Information:
Segment Open

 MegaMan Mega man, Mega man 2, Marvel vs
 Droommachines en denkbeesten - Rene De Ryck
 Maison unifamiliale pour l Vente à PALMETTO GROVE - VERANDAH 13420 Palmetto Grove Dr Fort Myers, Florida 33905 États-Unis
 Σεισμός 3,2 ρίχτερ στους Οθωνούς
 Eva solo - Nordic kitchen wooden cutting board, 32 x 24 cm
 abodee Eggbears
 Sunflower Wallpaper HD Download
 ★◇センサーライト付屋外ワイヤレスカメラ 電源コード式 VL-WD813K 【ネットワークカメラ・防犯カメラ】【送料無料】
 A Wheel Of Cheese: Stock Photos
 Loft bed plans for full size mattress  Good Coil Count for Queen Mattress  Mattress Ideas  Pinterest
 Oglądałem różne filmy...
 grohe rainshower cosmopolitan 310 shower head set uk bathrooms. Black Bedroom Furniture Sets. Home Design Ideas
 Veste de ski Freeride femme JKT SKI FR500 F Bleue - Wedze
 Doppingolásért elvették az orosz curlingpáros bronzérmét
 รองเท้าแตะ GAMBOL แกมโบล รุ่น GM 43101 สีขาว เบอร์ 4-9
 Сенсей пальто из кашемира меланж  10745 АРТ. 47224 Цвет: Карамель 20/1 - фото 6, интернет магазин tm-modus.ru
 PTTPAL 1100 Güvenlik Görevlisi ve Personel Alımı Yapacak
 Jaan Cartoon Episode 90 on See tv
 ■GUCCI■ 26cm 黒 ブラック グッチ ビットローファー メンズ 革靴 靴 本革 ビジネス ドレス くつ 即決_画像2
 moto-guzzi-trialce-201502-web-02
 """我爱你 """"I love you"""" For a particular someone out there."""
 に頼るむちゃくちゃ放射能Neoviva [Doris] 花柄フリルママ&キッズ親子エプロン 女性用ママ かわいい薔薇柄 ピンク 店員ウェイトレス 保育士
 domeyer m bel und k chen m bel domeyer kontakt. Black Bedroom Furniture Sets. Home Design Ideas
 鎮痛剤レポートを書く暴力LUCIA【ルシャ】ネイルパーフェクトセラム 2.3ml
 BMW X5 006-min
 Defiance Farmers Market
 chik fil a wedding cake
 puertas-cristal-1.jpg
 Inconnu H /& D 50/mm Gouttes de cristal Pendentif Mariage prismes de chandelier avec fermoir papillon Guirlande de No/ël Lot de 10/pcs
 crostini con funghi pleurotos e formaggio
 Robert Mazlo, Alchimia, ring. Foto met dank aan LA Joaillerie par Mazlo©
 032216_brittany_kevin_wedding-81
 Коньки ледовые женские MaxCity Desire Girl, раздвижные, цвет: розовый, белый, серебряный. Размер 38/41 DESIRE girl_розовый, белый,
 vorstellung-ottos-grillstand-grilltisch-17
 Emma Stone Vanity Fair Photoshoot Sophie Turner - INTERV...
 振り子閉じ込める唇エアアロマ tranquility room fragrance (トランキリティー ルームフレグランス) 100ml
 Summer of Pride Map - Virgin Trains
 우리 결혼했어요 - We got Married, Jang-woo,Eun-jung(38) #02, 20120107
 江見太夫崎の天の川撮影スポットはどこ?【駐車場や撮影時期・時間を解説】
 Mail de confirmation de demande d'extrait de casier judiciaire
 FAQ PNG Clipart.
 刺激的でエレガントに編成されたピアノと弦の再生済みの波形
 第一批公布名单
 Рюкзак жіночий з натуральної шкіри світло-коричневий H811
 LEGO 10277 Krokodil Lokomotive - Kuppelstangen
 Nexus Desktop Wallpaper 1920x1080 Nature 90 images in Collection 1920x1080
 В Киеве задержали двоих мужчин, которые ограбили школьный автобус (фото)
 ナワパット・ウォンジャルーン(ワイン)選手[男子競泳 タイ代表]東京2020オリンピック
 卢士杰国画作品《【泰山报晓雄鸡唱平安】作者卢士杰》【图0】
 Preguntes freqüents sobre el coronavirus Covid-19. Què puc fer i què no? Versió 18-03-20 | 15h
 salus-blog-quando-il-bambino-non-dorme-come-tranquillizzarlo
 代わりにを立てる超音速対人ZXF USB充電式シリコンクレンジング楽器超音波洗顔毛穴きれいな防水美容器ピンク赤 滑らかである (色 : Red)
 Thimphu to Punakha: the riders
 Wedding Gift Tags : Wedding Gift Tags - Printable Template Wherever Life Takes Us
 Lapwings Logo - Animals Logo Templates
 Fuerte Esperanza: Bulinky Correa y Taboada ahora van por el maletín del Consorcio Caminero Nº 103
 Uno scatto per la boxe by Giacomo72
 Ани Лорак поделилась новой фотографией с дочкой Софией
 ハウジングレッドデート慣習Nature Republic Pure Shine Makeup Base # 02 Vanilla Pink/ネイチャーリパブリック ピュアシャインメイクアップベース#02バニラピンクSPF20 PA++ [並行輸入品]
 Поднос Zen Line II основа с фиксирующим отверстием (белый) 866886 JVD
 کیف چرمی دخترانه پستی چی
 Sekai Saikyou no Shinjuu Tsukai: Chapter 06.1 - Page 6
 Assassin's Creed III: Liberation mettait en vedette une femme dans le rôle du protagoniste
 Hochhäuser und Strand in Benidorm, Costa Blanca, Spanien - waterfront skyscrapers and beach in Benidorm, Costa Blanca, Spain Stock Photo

Segment Closed

Exercise description: Print out the whole listing, with every line exactly as it appears.

Written response:
 MegaMan Mega man, Mega man 2, Marvel vs
 Droommachines en denkbeesten - Rene De Ryck
 Maison unifamiliale pour l Vente à PALMETTO GROVE - VERANDAH 13420 Palmetto Grove Dr Fort Myers, Florida 33905 États-Unis
 Σεισμός 3,2 ρίχτερ στους Οθωνούς
 Eva solo - Nordic kitchen wooden cutting board, 32 x 24 cm
 abodee Eggbears
 Sunflower Wallpaper HD Download
 ★◇センサーライト付屋外ワイヤレスカメラ 電源コード式 VL-WD813K 【ネットワークカメラ・防犯カメラ】【送料無料】
 A Wheel Of Cheese: Stock Photos
 Loft bed plans for full size mattress  Good Coil Count for Queen Mattress  Mattress Ideas  Pinterest
 Oglądałem różne filmy...
 grohe rainshower cosmopolitan 310 shower head set uk bathrooms. Black Bedroom Furniture Sets. Home Design Ideas
 Veste de ski Freeride femme JKT SKI FR500 F Bleue - Wedze
 Doppingolásért elvették az orosz curlingpáros bronzérmét
 รองเท้าแตะ GAMBOL แกมโบล รุ่น GM 43101 สีขาว เบอร์ 4-9
 Сенсей пальто из кашемира меланж  10745 АРТ. 47224 Цвет: Карамель 20/1 - фото 6, интернет магазин tm-modus.ru
 PTTPAL 1100 Güvenlik Görevlisi ve Personel Alımı Yapacak
 Jaan Cartoon Episode 90 on See tv
 ■GUCCI■ 26cm 黒 ブラック グッチ ビットローファー メンズ 革靴 靴 本革 ビジネス ドレス くつ 即決_画像2
 moto-guzzi-trialce-201502-web-02
 """我爱你 """"I love you"""" For a particular someone out there."""
 に頼るむちゃくちゃ放射能Neoviva [Doris] 花柄フリルママ&キッズ親子エプロン 女性用ママ かわいい薔薇柄 ピンク 店員ウェイトレス 保育士
 domeyer m bel und k chen m bel domeyer kontakt. Black Bedroom Furniture Sets. Home Design Ideas
 鎮痛剤レポートを書く暴力LUCIA【ルシャ】ネイルパーフェクトセラム 2.3ml
 BMW X5 006-min
 Defiance Farmers Market
 chik fil a wedding cake
 puertas-cristal-1.jpg
 Inconnu H /& D 50/mm Gouttes de cristal Pendentif Mariage prismes de chandelier avec fermoir papillon Guirlande de No/ël Lot de 10/pcs
 crostini con funghi pleurotos e formaggio
 Robert Mazlo, Alchimia, ring. Foto met dank aan LA Joaillerie par Mazlo©
 032216_brittany_kevin_wedding-81
 Коньки ледовые женские MaxCity Desire Girl, раздвижные, цвет: розовый, белый, серебряный. Размер 38/41 DESIRE girl_розовый, белый,
 vorstellung-ottos-grillstand-grilltisch-17
 Emma Stone Vanity Fair Photoshoot Sophie Turner - INTERV...
 振り子閉じ込める唇エアアロマ tranquility room fragrance (トランキリティー ルームフレグランス) 100ml
 Summer of Pride Map - Virgin Trains
 우리 결혼했어요 - We got Married, Jang-woo,Eun-jung(38) #02, 20120107
 江見太夫崎の天の川撮影スポットはどこ?【駐車場や撮影時期・時間を解説】
 Mail de confirmation de demande d'extrait de casier judiciaire
 FAQ PNG Clipart.
 刺激的でエレガントに編成されたピアノと弦の再生済みの波形
 第一批公布名单
 Рюкзак жіночий з натуральної шкіри світло-коричневий H811
 LEGO 10277 Krokodil Lokomotive - Kuppelstangen
 Nexus Desktop Wallpaper 1920x1080 Nature 90 images in Collection 1920x1080
 В Киеве задержали двоих мужчин, которые ограбили школьный автобус (фото)
 ナワパット・ウォンジャルーン(ワイン)選手[男子競泳 タイ代表]東京2020オリンピック
 卢士杰国画作品《【泰山报晓雄鸡唱平安】作者卢士杰》【图0】
 Preguntes freqüents sobre el coronavirus Covid-19. Què puc fer i què no? Versió 18-03-20 | 15h
 salus-blog-quando-il-bambino-non-dorme-come-tranquillizzarlo
 代わりにを立てる超音速対人ZXF USB充電式シリコンクレンジング楽器超音波洗顔毛穴きれいな防水美容器ピンク赤 滑らかである (色 : Red)
 Thimphu to Punakha: the riders
 Wedding Gift Tags : Wedding Gift Tags - Printable Template Wherever Life Takes Us
 Lapwings Logo - Animals Logo Templates
 Fuerte Esperanza: Bulinky Correa y Taboada ahora van por el maletín del Consorcio Caminero Nº 103
 Uno scatto per la boxe by Giacomo72
 Ани Лорак поделилась новой фотографией с дочкой Софией
 ハウジングレッドデート慣習Nature Republic Pure Shine Makeup Base # 02 Vanilla Pink/ネイチャーリパブリック ピュアシャインメイクアップベース#02バニラピンクSPF20 PA++ [並行輸入品]
 Поднос Zen Line II основа с фиксирующим отверстием (белый) 866886 JVD
 کیف چرمی دخترانه پستی چی
 Sekai Saikyou no Shinjuu Tsukai: Chapter 06.1 - Page 6
 Assassin's Creed III: Liberation mettait en vedette une femme dans le rôle du protagoniste
 Hochhäuser und Strand in Benidorm, Costa Blanca, Spanien - waterfront skyscrapers and beach in Benidorm, Costa Blanca, Spain Stock Photo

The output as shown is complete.